Д. Б .: Томас Фридман, журналист «Нью-Йорк Таймс», назвал демонстрантов в Сиэтле «Ноевым ковчегом защитников теории о том, что Земля плоская».
Н. Х.: Со своей точки зрения он прав. С точки зрения рабовладельцев, люди, боровшиеся за отмену рабства, наверное, выглядели точно также. Для одного процента населения, о котором он думает и который представляет, это может быть правдой. Зачем кому-то выступать против изменений, которые мы описываем?
Д. Б.: Справедливо ли высказывание, что в Сиэтле в облаке слезоточивого газа, чувствовалась и струя демократии?
Н. X.: Я бы допустил это. Реально работающая демократия не выходит на улицы. Она проявляется в принятии решений. Это отражение искаженной демократии и реакции людей на это, и это не в первый раз. Борьба за расширение демократических свобод — это долгая борьба, длящаяся много веков; одержано немало побед. И многие из этих побед добыты именно такой ценой: не мирным путем, а противостоянием и битвами. Если в нынешней ситуации реакция людей примет по-настоящему организованные, конструктивные формы, это может подорвать и обратить вспять в высшей степени недемократические усилия международных экономических организаций, которые навязываются миру. Они крайне недемократичны. Конечно, кто-то думает о покушении на суверенитет государства, но для большинства стран мира последствия могут быть гораздо серьезнее.
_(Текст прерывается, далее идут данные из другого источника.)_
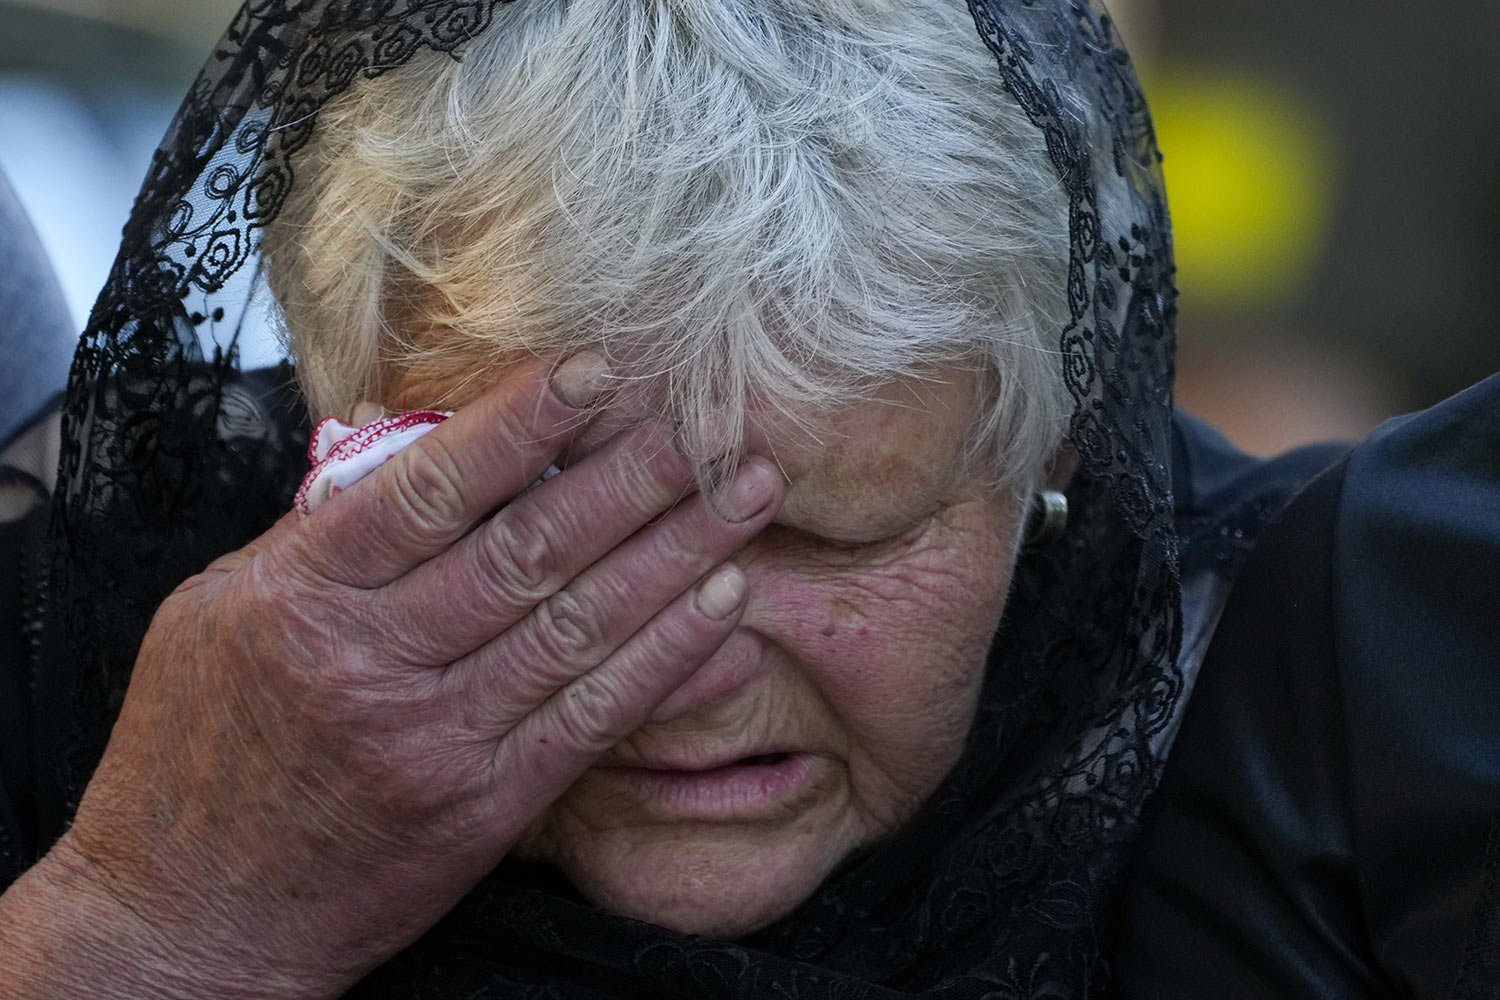  The mother of Army Col. Oleksander Makhachek mourns during his funeral service in Zhytomyr, Ukraine, Friday, June 3, 2022. According to combat comrades, Makhachek was killed fighting Russian forces when a shell landed in his position on May 30. (AP 
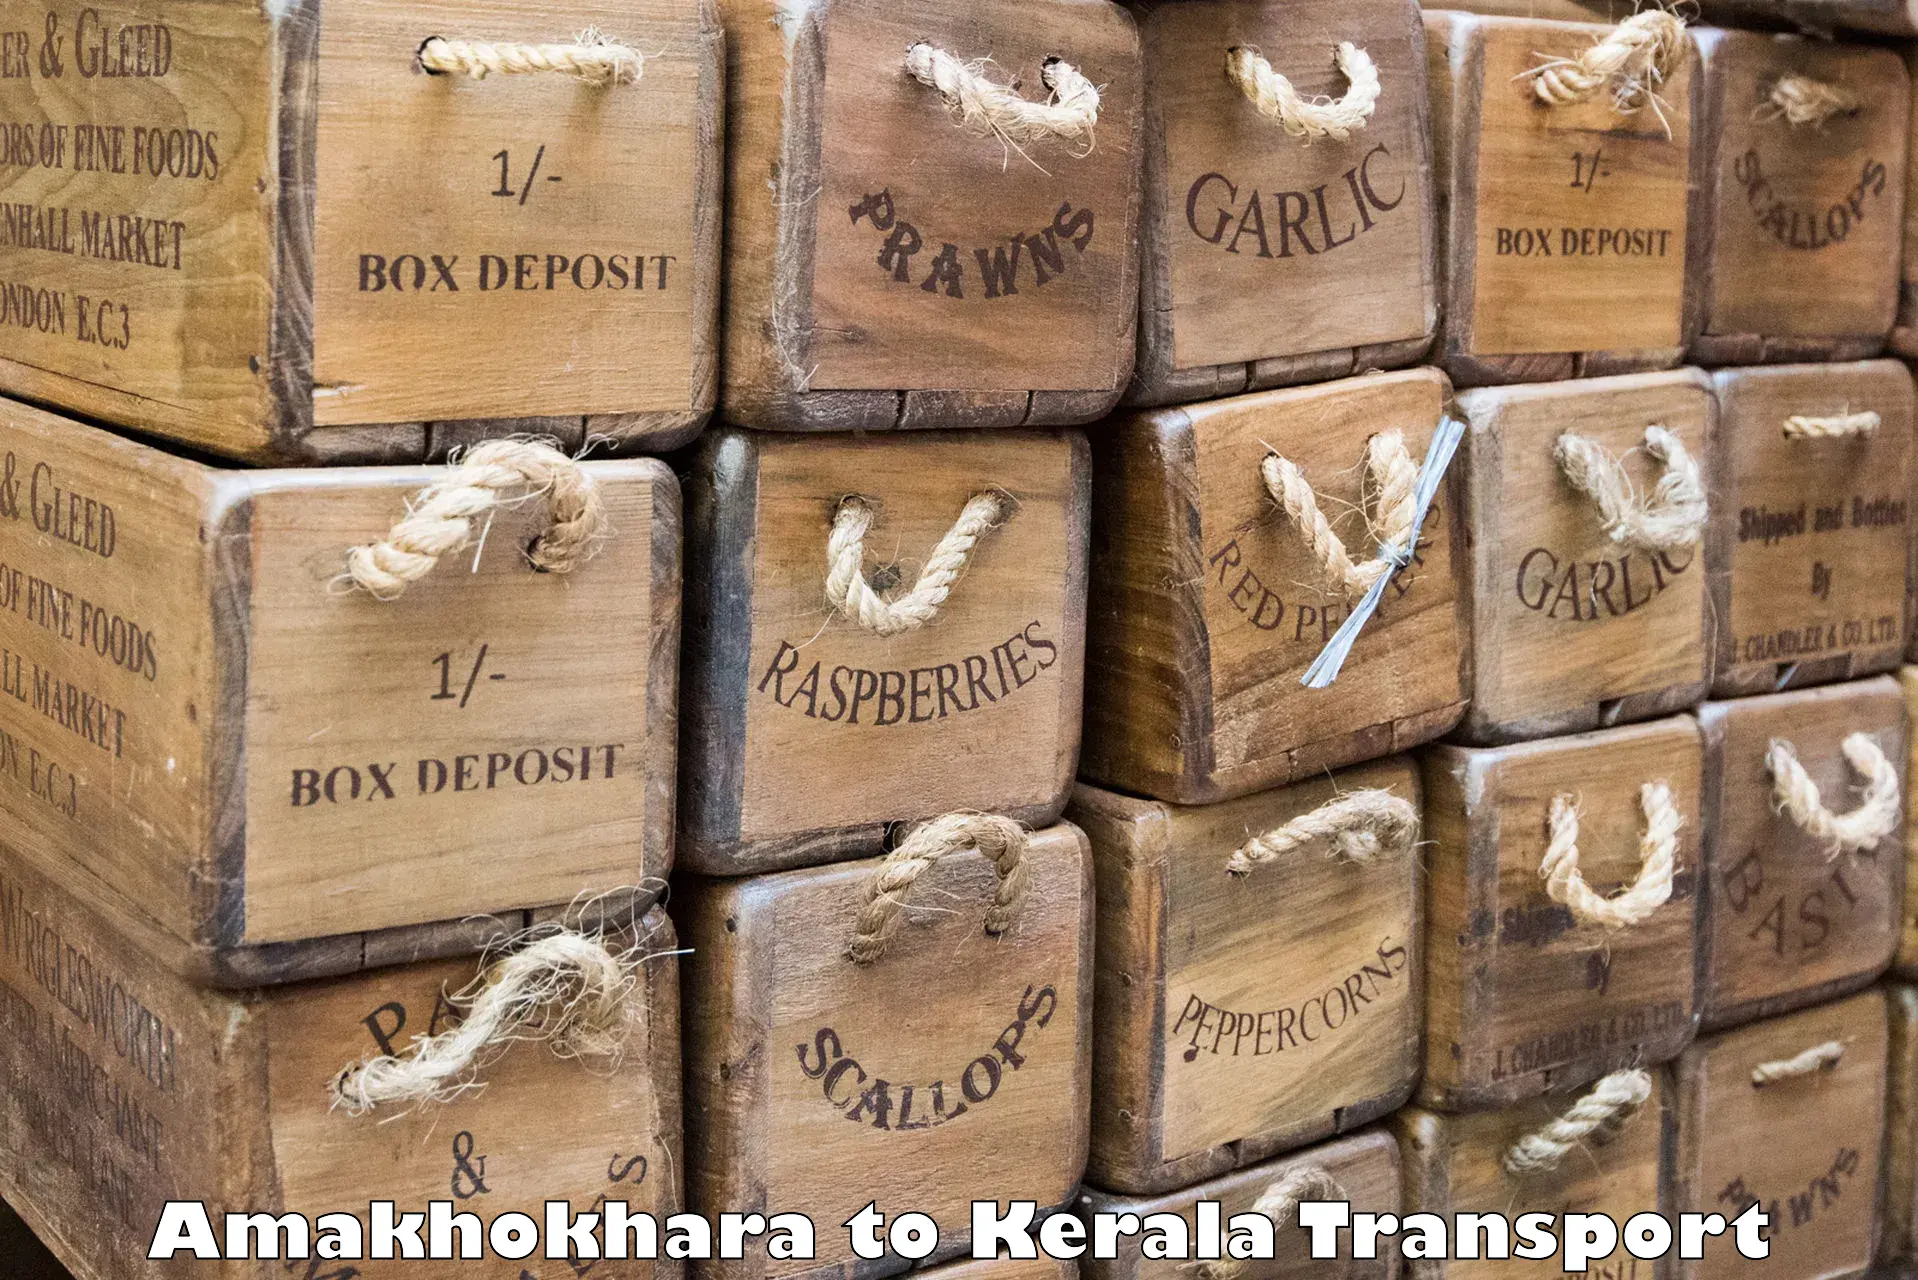 Truck transport companies in India Amakhokhara to Munnar

Более половины населения мира в полном смысле слова не контролирует свою собственную экономическую политику. Они находятся в статусе лица, управляющего делами несостоятельного должника. Их экономической политикой руководят бюрократы из Вашингтона вследствие их т.н. кризиса задолженности, термина, являющегося больше идеологическим, нежели экономическим. Вот почему более чем у половины населения земного шара нет даже суверенитета.
Д. Б.: Почему вы говорите, что «кризис задолженности» политический термин?
Н. X.: Существует долг, но кто кому должен и кто несет за него ответственность — это идеологический, а не экономический вопрос. К примеру, есть такой капиталистический принцип, на который никто, естественно, не обращает внимание. Принцип гласит: если я у тебя занимаю деньги, я обязан вернуть тебе долг, и если ты мне их одалживаешь, то это твои проблемы, если я их тебе не верну. Но никто даже не допускает такой возможности. Предположим, что мы бы были обязаны следовать этому принципу. Возьмем, например, Индонезию. Сейчас их экономика в глубоком кризисе, т.к. долг этой страны составляет 140% от ВВП. Если проследить историю этого долга, то окажется, что заемщиками были 100-200 человек, находившихся у власти во время военной диктатуры, которую Америка поддержала, и их закадычные друзья. Кредиторами были международные банки. Значительная часть этого долга к настоящему времени национализирована Международным валютным фондом (МВФ). Это значит, что ответственность несут налогоплательщики Севера. Что случилось с этими деньгами? Они приумножились. Произошел экспорт капитала из страны при небольших затратах на развитие. Но люди которые занимали деньги, не несут ответственности за это. Бремя выплаты долга легло на плечи народа Индонезии, что означает для них режим жесткой экономии, крайнюю бедность и страдания. На самом деле это непосильная задача — выплачивать долг, который ты не брал. А как же кредиторы? Кредиторы застрахованы от риска. Одна из основных задач МВФ - страхование от риска людей, которые дают кредиты и дают взаймы ненадежным заемщикам. Вот почему они получают высокие проценты: велика доля риска. Но они не берут риск и на себя т.к. он национализирован. Разными способами он переводится с помощью МВФ и с помощью, например, Брейди-бондов. Вся система направлена на освобождение заемщиков от всякой ответственности. Ответственность ложится на нищий народ их стран. И кредиторы застрахованы от риска. Дело тут в идеологии, а не в экономике.